The first Sunday back at sea was no day of rest for the Clipper Race fleet, though it has certainly been more enjoyable than the preceding week’s unpredictability and harsh, contrasting wind conditions. Day 7 brought far more consistently strong winds of between 30 to 40 knots, allowing most of the fleet to pick up some excellent cruising and surfing speeds.
GREAT Britain skipper Simon Talbot commented: “Well what a fantastic 24 hours sailing, the wind gradually built during the day yesterday, bringing our average boat speed and maximum surfing speed up along the way.
“On a human level, the crew seem to be really enjoying these conditions, I think the baptism of fire from a couple of days ago has served them well and they are now able to see some of the beauty of the conditions and actually step back enough to see just how special this experience really is.”
Henri Lloyd skipper Eric Holden echoed these sentiments, adding: “The team are loving these conditions and doing everything I could ask of them. I don't know how we can be labelled an amateur team any longer, considering all we have been through together and how they have risen to every challenge. Many top sailors will have gone their whole careers and never experienced conditions like these.”

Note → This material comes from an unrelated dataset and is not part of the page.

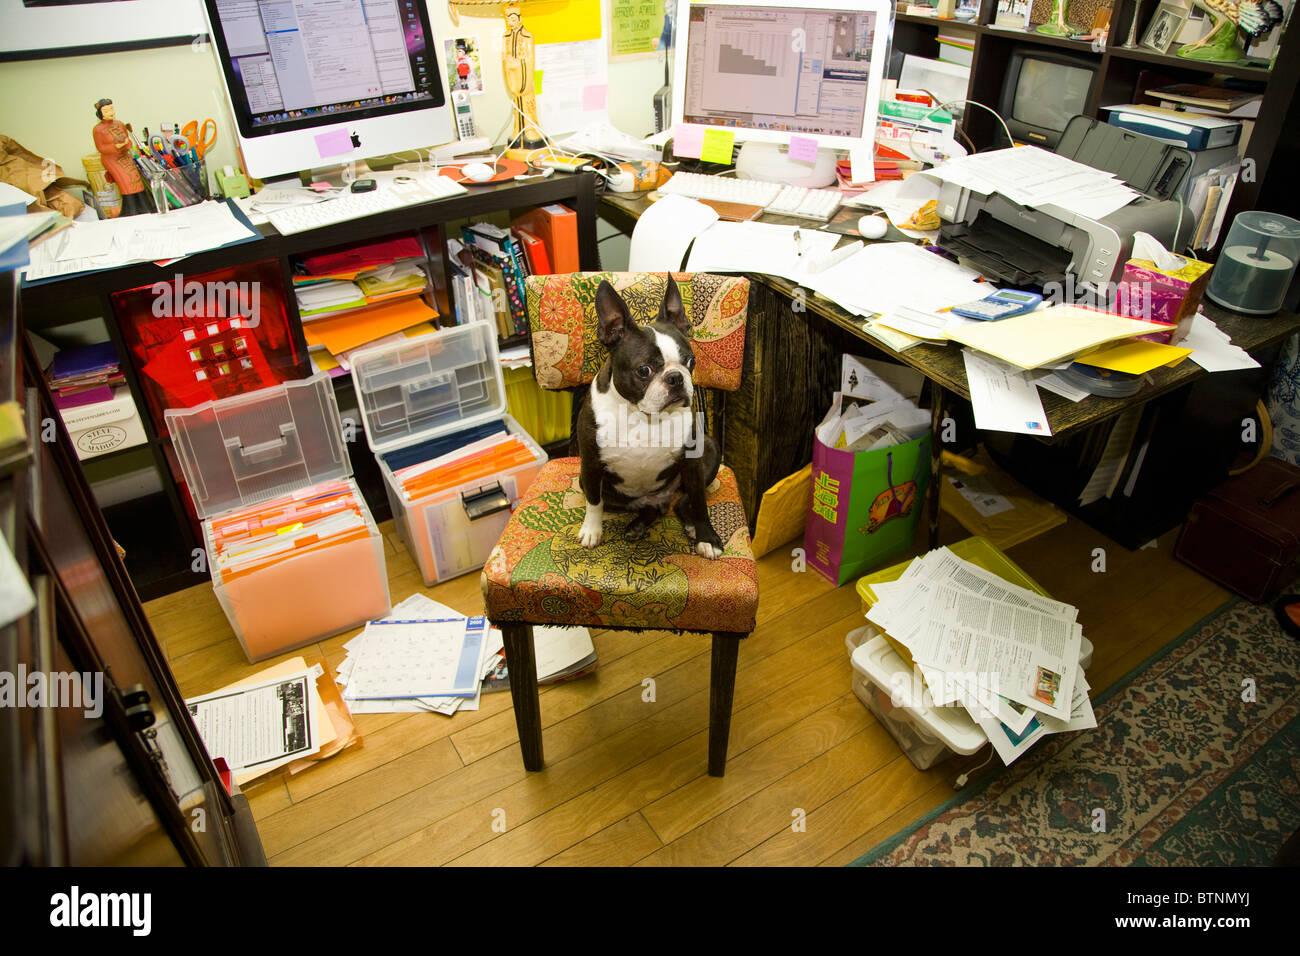 Boston terrier sitting at messy desk - Stock Image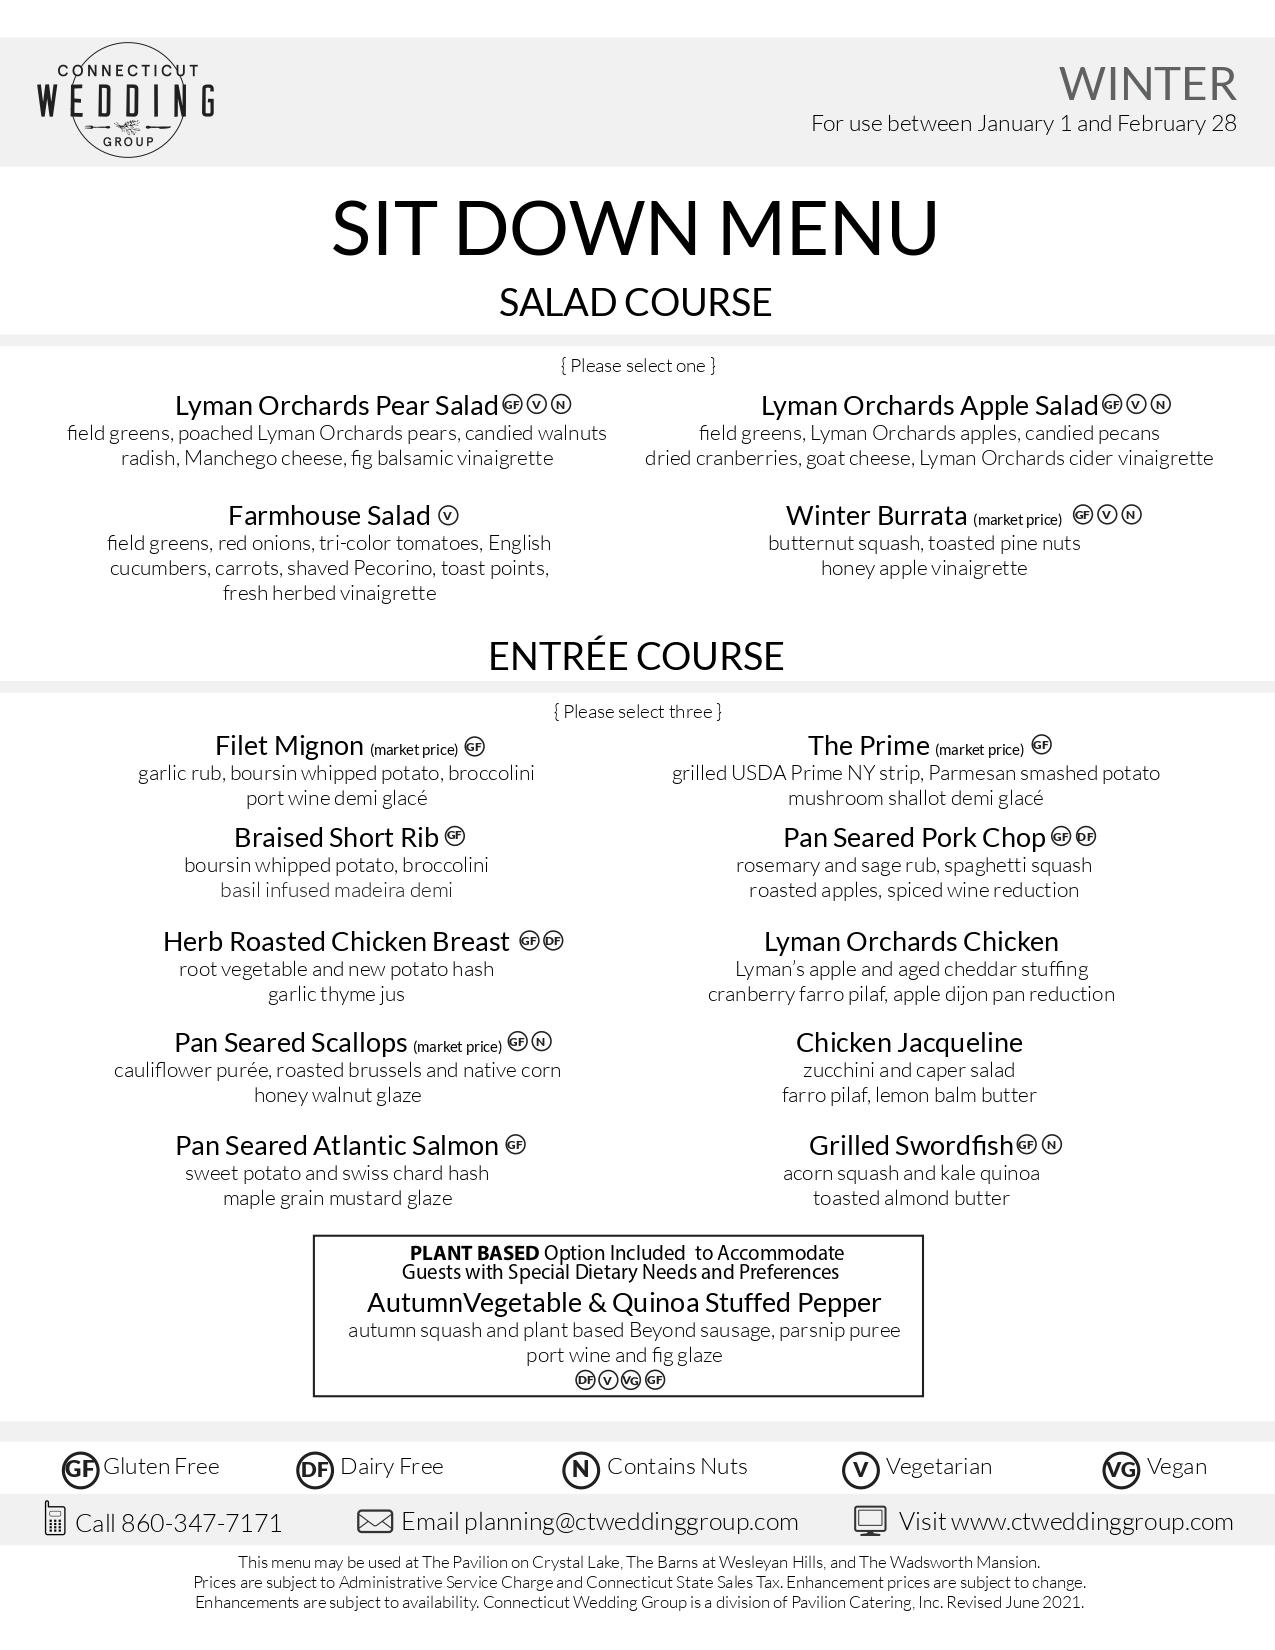 Winter-Sit-Down-Buffet-Menu-2022_page-0001

A potentially nail-biting battle is now on to reach the first bonus point opportunity, the Scoring Gate which stands between 40 degrees south, 55 degrees east and 45 degrees south and 55 degrees east. It is not compulsory but the first three yachts through the gate will be awarded 3, 2 and 1 points respectively, which can make a significant difference in the overall race standings. Whilst there is no current change at the top of the leaderboard, GREAT Britain has now joined right behind the front three and will be looking to challenge for the points.
At 1200 UTC, Qingdao lead the fleet (3138.8 miles to finish) and are under 200 miles away from the Scoring Gate. Henri Lloyd are in second place (3217.8) and OneDLL (3243) remain third, with GREAT Britain chasing hard, less than 20 miles behind them.